Камеры заключенных размещались в подвале большого административного здания гестапо. Очевидно, из-за частых воздушных тревог двери камер не были на замке, а только прикрыты. О том, чтобы никто из заключенных не мог убежать, заботились многочисленные вооруженные эсэсовцы. Кроме того, заключенные большей частью были закованы в цепи, по меньшей мере на ночь им одевали наручники с короткой цепью. Если узников водили на допросы, то конвоиры прежде смотрели, чтобы все двери камер были хорошо закрыты, их обитатели и узники, которых вели по коридорам, не могли друг друга видеть. Но насколько жестоким был гестаповский террор, настолько же примитивными и кустарными методы полиции Гиммлера. Теория, что узники должны содержаться в полной изоляции друг от друга, разбилась о практику воздушных налетов. Узники имели для Гиммлера и Кальтенбруннера слишком большое значение, чтобы без нужды подвергать их опасности быть убитыми бомбами государств-союзников. Когда сигнал тревоги предупреждал о крупном налете, узников выводили из камер во двор и вели в так называемый бункер Гиммлера. Там они должны были в течение всего налета стоять лицом к стене вперемежку с эсэсовцами, так что два узника никогда не стояли рядом. Конечно, им было запрещено разговаривать друг с другом. Но, главное, можно было увидеть, кто здесь находился. Кроме того, во время переходов из камер в бункер и назад часто появлялась возможность обменяться словом с тем или иным товарищем по несчастью. В отдельных случаях даже удавалось обменяться письмами. Девиз, который заключенные передавали друг другу был. «Выиграть время». Потому что даже здесь, в подземельях гестапо, с каждым днем становилось все более ясно, что конец гитлеровского господства не за горами.
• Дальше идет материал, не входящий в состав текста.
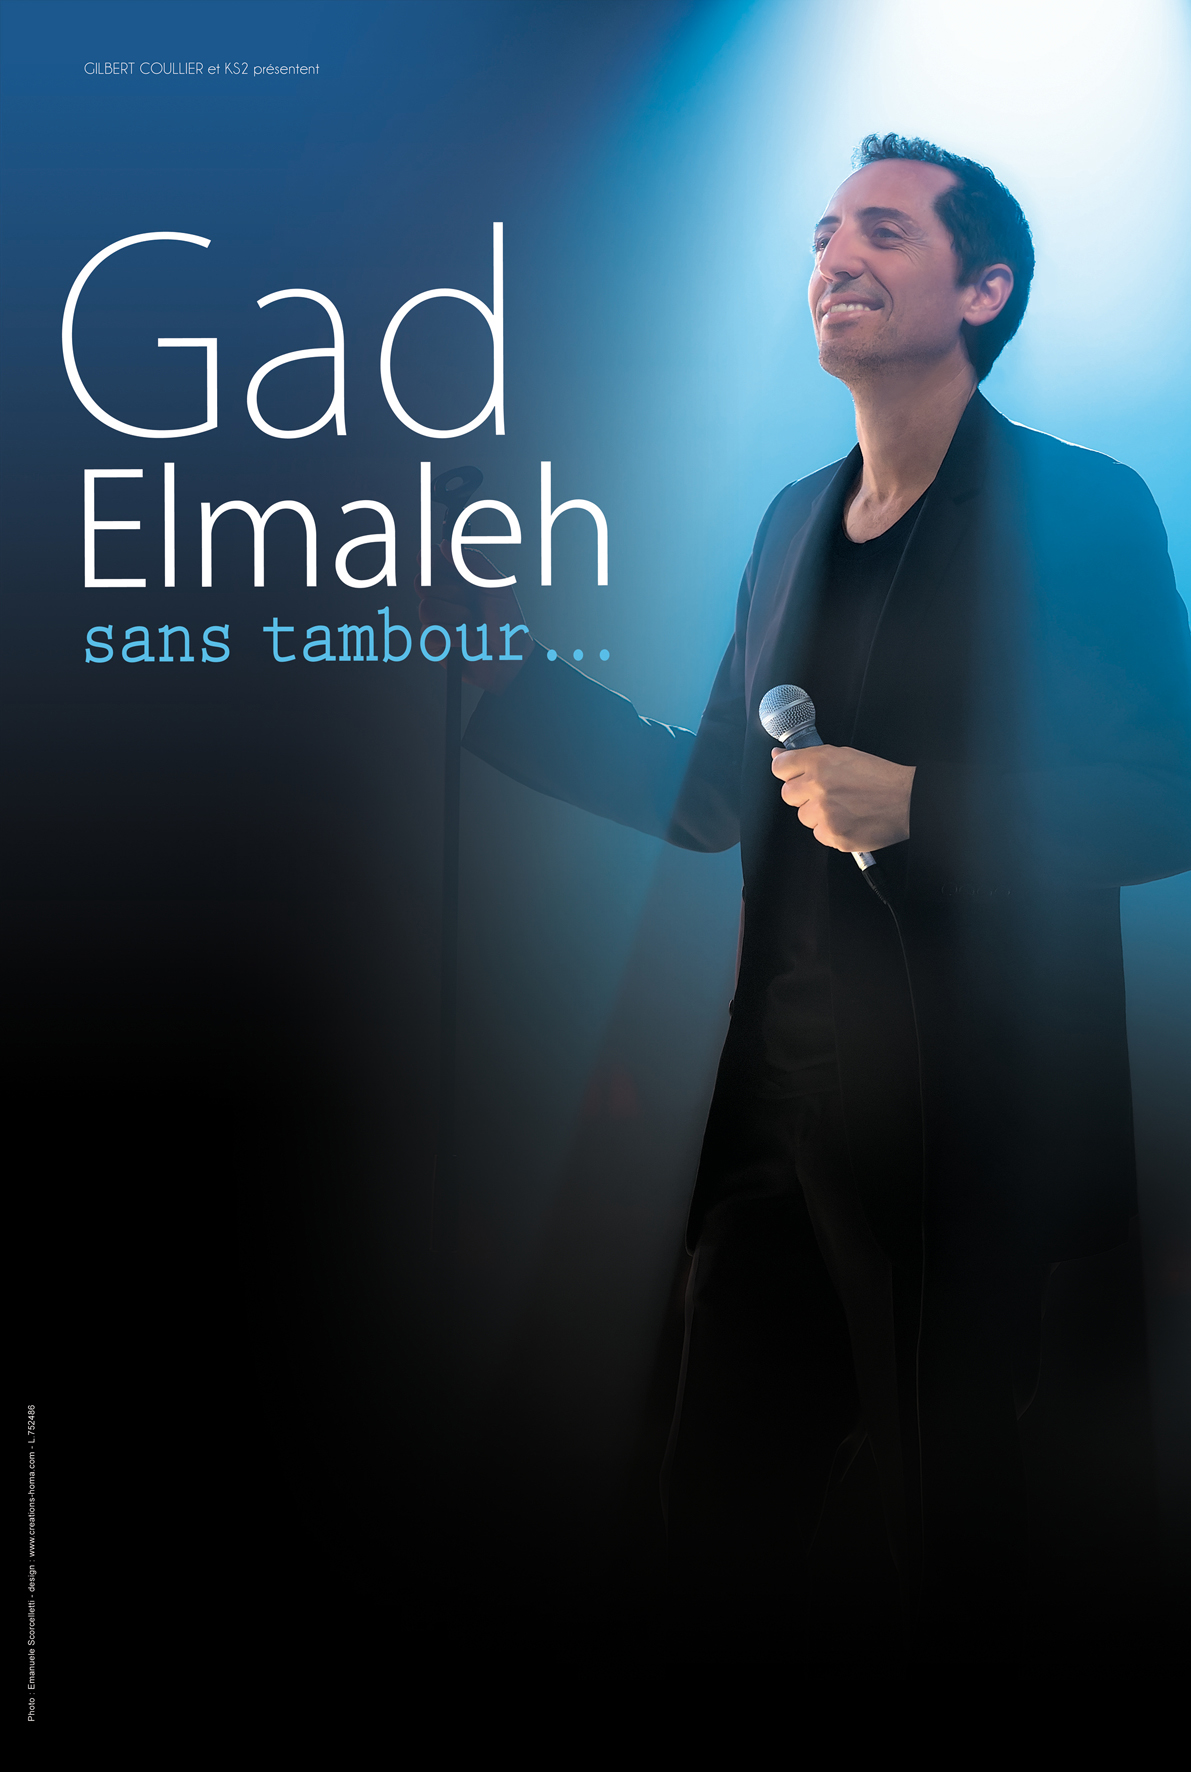 gad elmaleh sans tambour dvd
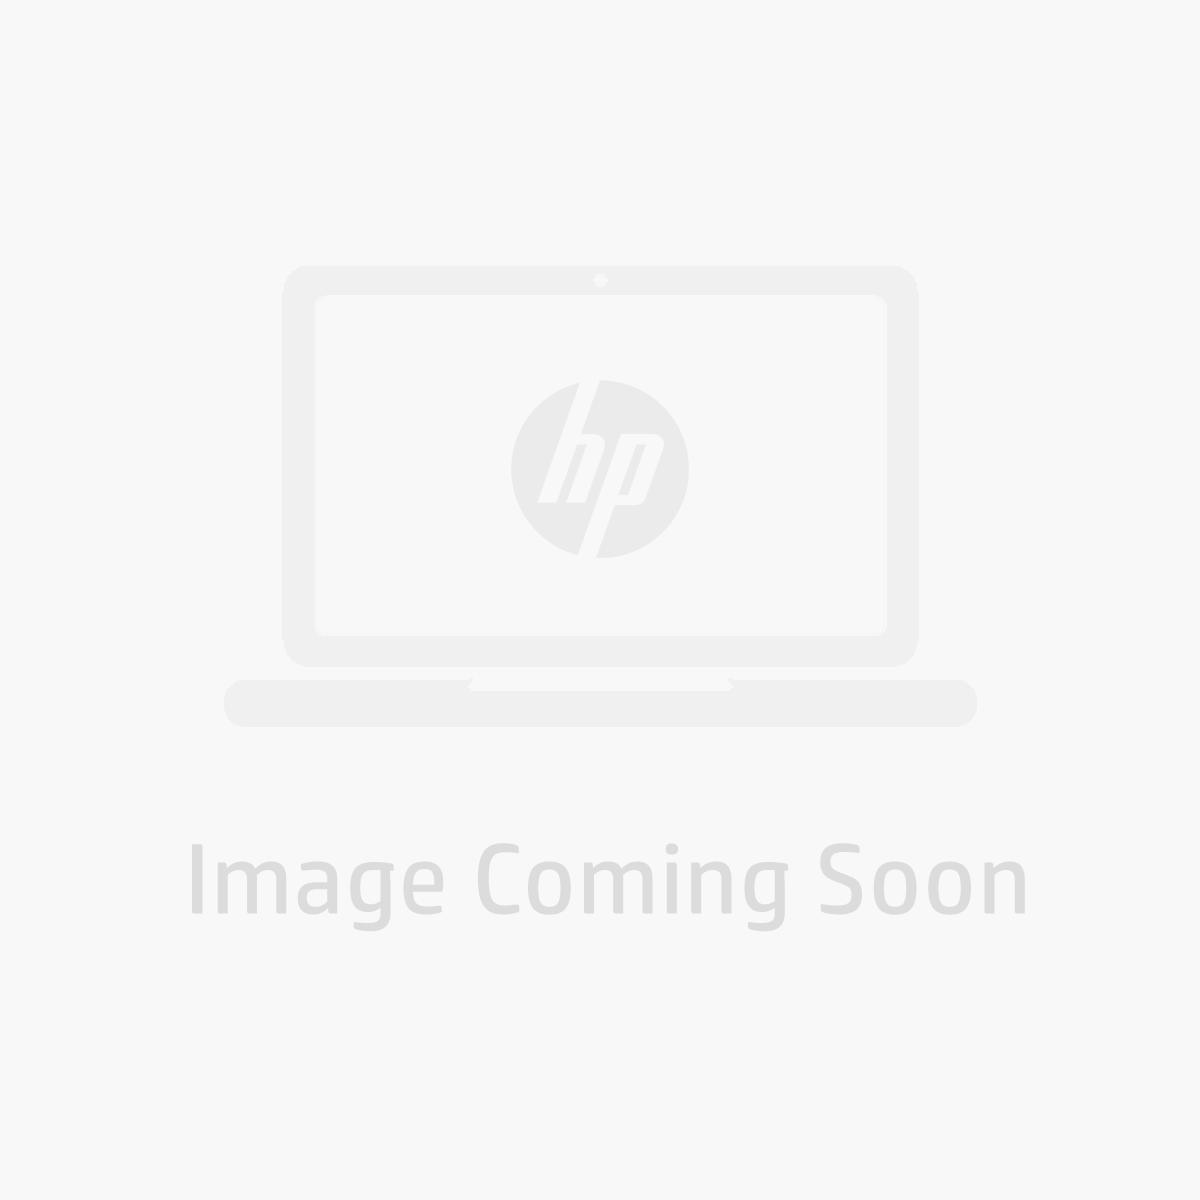 Volkano Port Series Display Port To HDMI Converter

О том, что Канарис находится на Принц-Альбрехтштрассе, его друзья узнали через «дядю May». Тот в связи с допросом Канариса в августе, который проводил Гуппенкотен, попросил следователя разрешить заполнить Канарису несколько банковских чеков для поддержания его домашнего хозяйства. Гуппенкотен задумался, но его приветливая секретарша уже схватила чековую книжку и сказала, что это можно быстро сделать, в ответ на что шеф согласился. Действительно, секретарша уже через несколько минут вернулась с подписанными чеками. Товарищами Канариса по несчастью, находившимися на Принц-Альбрехтштрассе, были многочисленные члены оппозиции против Гитлера, в их числе Герделер, генералы Гальдер, Томас и Остер, бывший министр Попиц, государственный секретарь Планк, главный судья Зак, Герберт Геринг, двоюродный брат рейхсмаршала доктор Яльмар Шахт, который в начале сентября был отправлен в Заксенхаузен, далее доктор Йозеф Мюллер, Лидиг, Штрюнк и Гере, также сын генерала Линдемана, Небе и пастор Бонгёфер и многие другие. Канарис относился вместе с Остером и Мюллером к тем заключенным, которые подвергались особенно плохому обращению. На него были надеты наручники особого образца, доставлявшие ему мучительные страдания; длительное время он получал только одну треть тюремного питания и даже в период рождественских праздников страдал от голода. Ему приходилось исполнять самую грязную работу. Однажды, когда он вместе с Мюллером и Гере должен был мыть коридор, что имело, однако, свои положительные стороны, потому что друзья могли при этом переговариваться, один язвительный эсэсовец сказал ему: «Ну, маленький матрос, ты, наверное, не думал, что тебе придется когда-нибудь мыть коридор!»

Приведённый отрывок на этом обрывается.